これは道徳哲学者のアラスデア・マッキンタイアによる研究に類似している。彼は、西洋で倫理的言語が人間のテロス(目的または目標)への信念の文脈で発展したため、goodやbadなどの私たちの継承された道徳的言語が、特定の行動がそのテロスの達成をどのように促進するかを評価する機能を持ち、持ち続けていることを示そうとする。したがって、評価能力において、goodとbadはカテゴリー錯誤を犯すことなく道徳的重みを持つ。例えば、紙を簡単に切ることができないはさみは、その目的を効果的に果たせないため、正当にbadと呼ぶことができる。同様に、人が特定の目的を持つと理解されるならば、行動はその目的に照らして良いか悪いかと評価できる。より平易な言葉で言えば、人が自分の目的を果たすとき、その人は良い行動をしているのである[12]。

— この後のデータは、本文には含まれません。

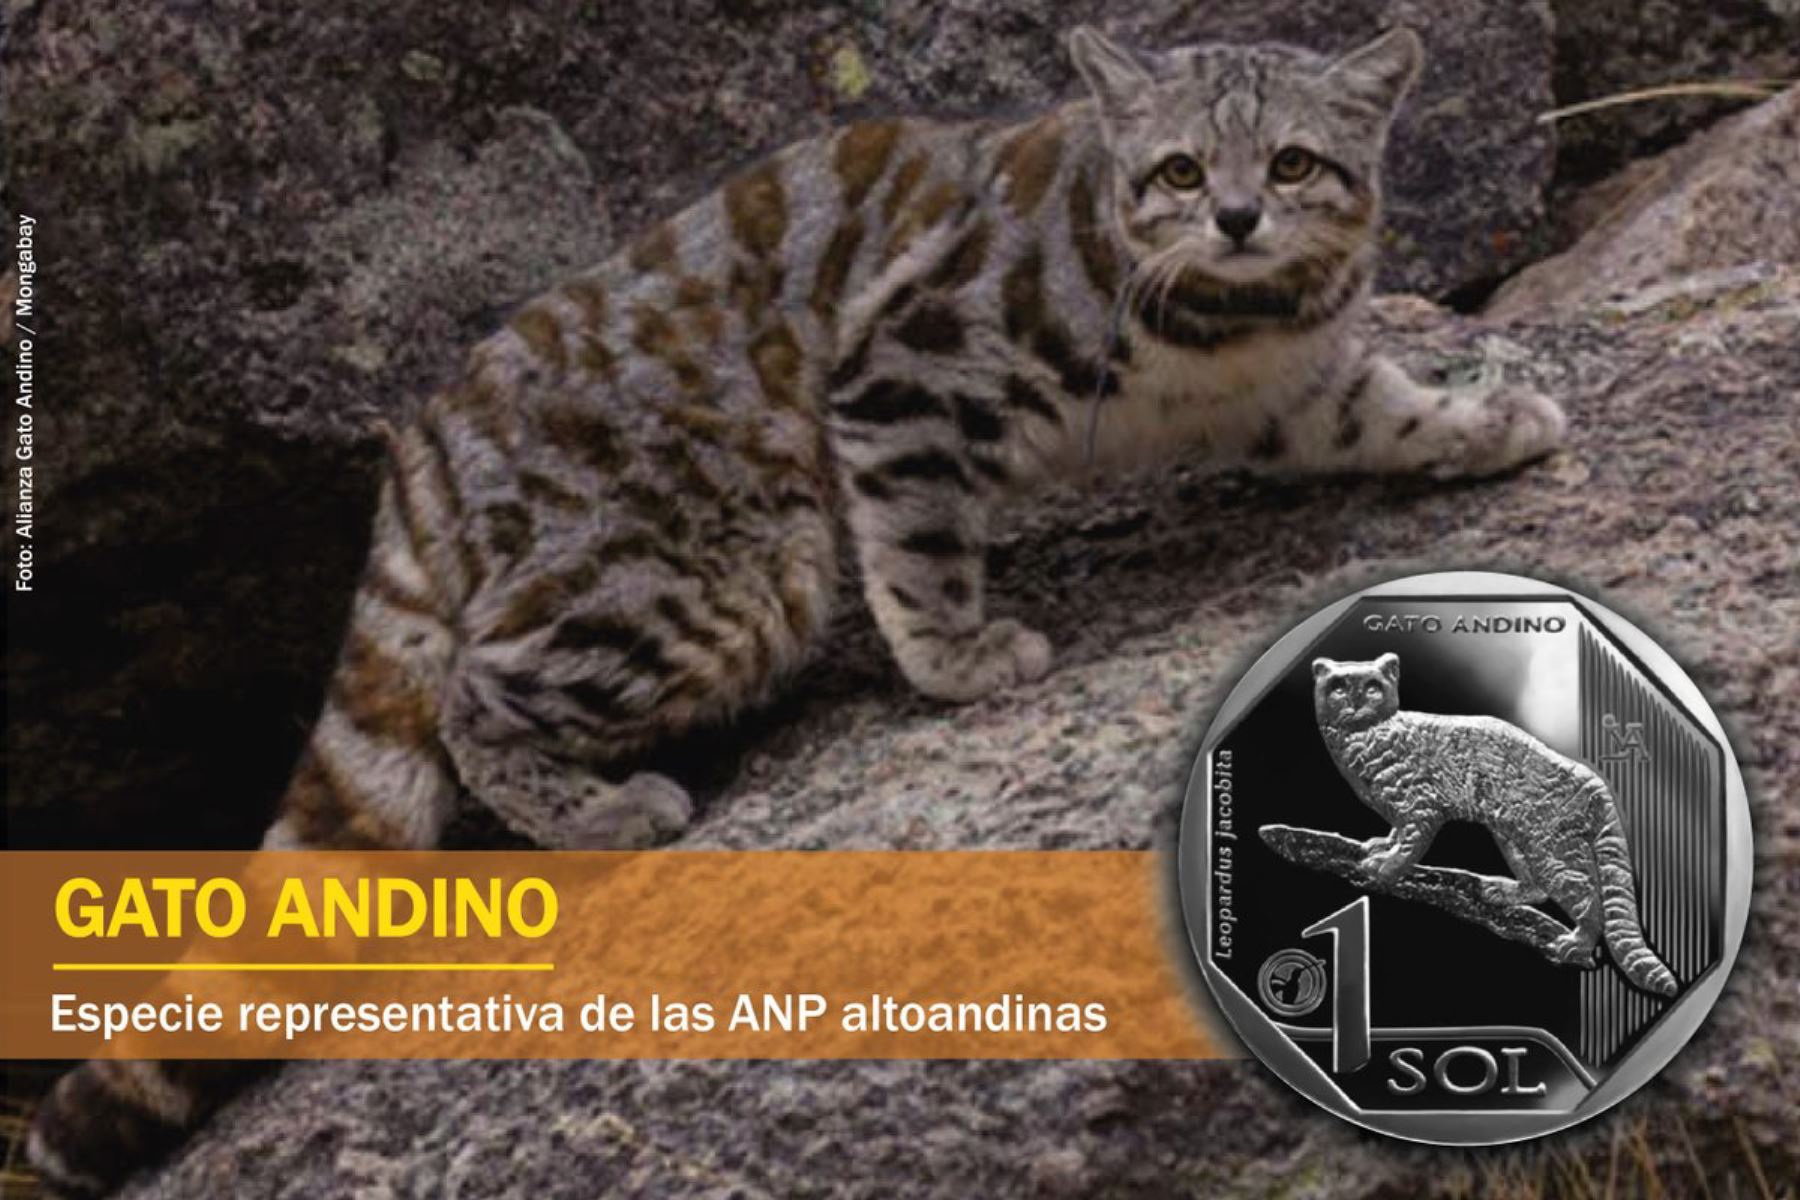 Se estima que en el Perú la población de gato andino no supera los 500 individuos. BCR presentó moneda alusiva a esta especie. ANDINA/Difusión
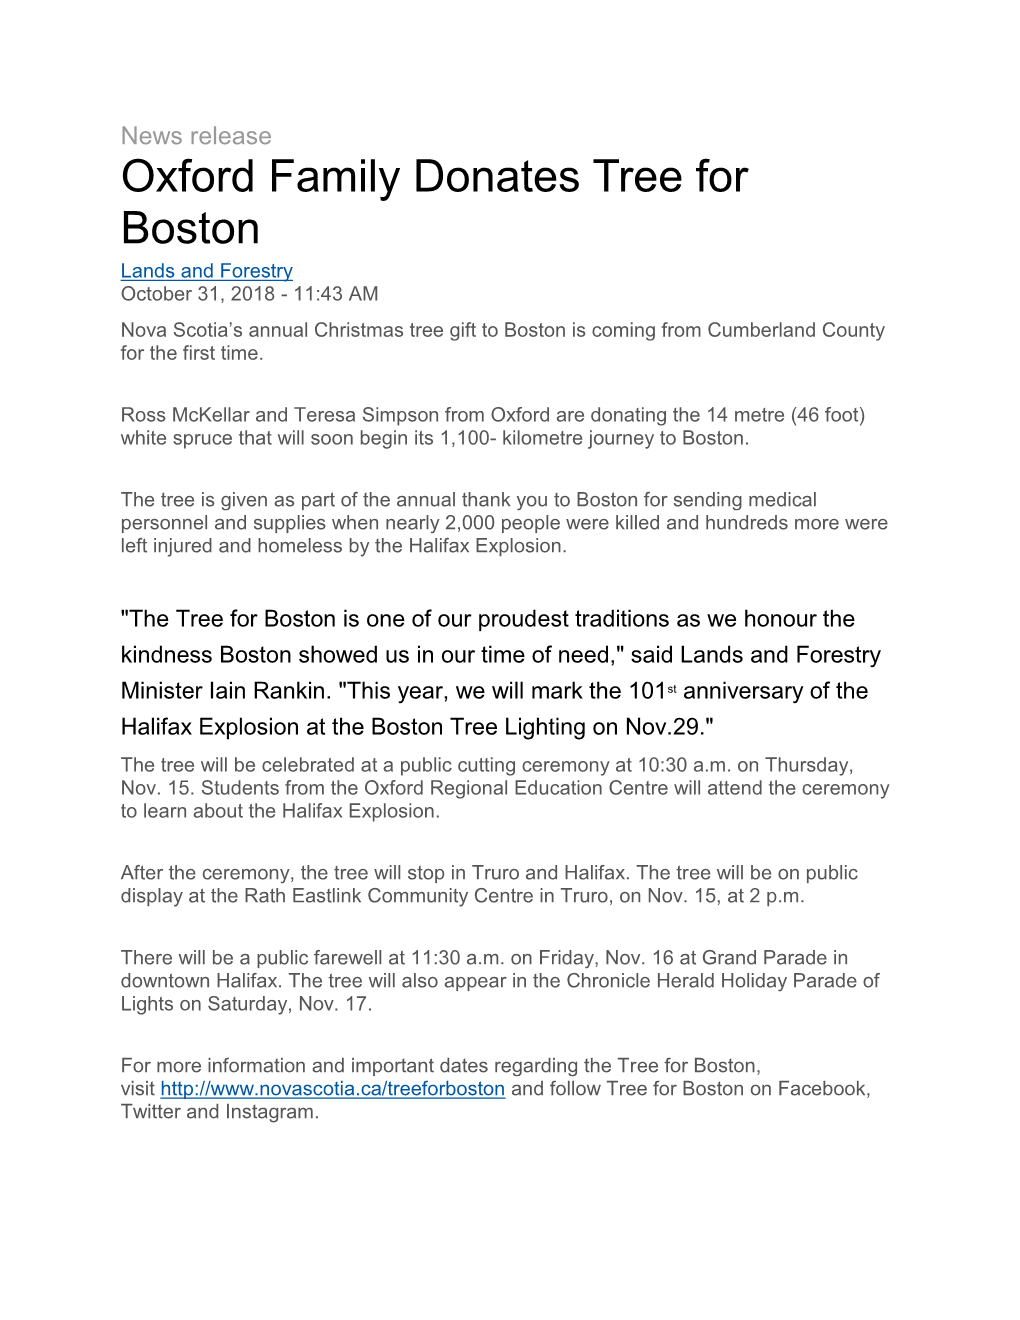 Oxford Family Donates Tree for Boston

「べきである」という概念が意味を持つとしても、これは必ずしも道徳性を含む必要はない。これは、一部の目標が道徳的に中立であるか、(もし存在するならば)道徳に反する可能性があるためである。毒殺者は犠牲者が死んでいないことに気づき、例えば「もっと毒を使うべきだった」と言うかもしれない。なぜなら彼の目標は殺人だからである。道徳的実在論者の次の課題は、「道徳的べき」とは何を意味するのかを説明することである[13]。
ディスコース倫理学
ディスコース倫理学の支持者は、談話行為そのものが特定の「べきである」を含意すると主張する。つまり、談話の参加者によって必然的に受け入れられる特定の前提があり、それらを用いてさらに規範的言明を導き出すことができる。したがって、彼らは、is–ought問題に基づいて倫理的立場を論証的に主張することは、これらの暗黙の前提と矛盾するため、一貫性を欠くと主張する。
道徳的べきである
マッキンタイアが説明したように、人々に固有の目的があれば、人は善き人と呼ばれることがある。多くの倫理的システムはそのような目的に訴える。これは、何かが思考する者全員がそれが間違っていると信じていても間違っていることがあるという(道徳性についての生の事実の考え)、ある種の道徳的実在論に当てはまる。倫理的実在論者は、特に倫理的非自然主義者である場合、人間は目的(例えば神に仕えるため)のために創造されたと示唆するかもしれない。倫理的実在論者が代わりに倫理的自然主義者である場合、彼らは人間が進化してきたという事実から始め、ある種の進化倫理学を追求するかもしれない(これは道徳主義的誤謬を「犯す」リスクがある)。 すべての道徳的システムが人間のテロスや目的に訴えるわけではない。これは、人々が自然な目的を持つかどうか、またはその目的が何であるかが明白ではないためである。多くの科学者は目的論(自然における傾向)を認識しているが、それに訴える哲学者はほとんどいない(今度は、自然主義的誤謬を避けるため)。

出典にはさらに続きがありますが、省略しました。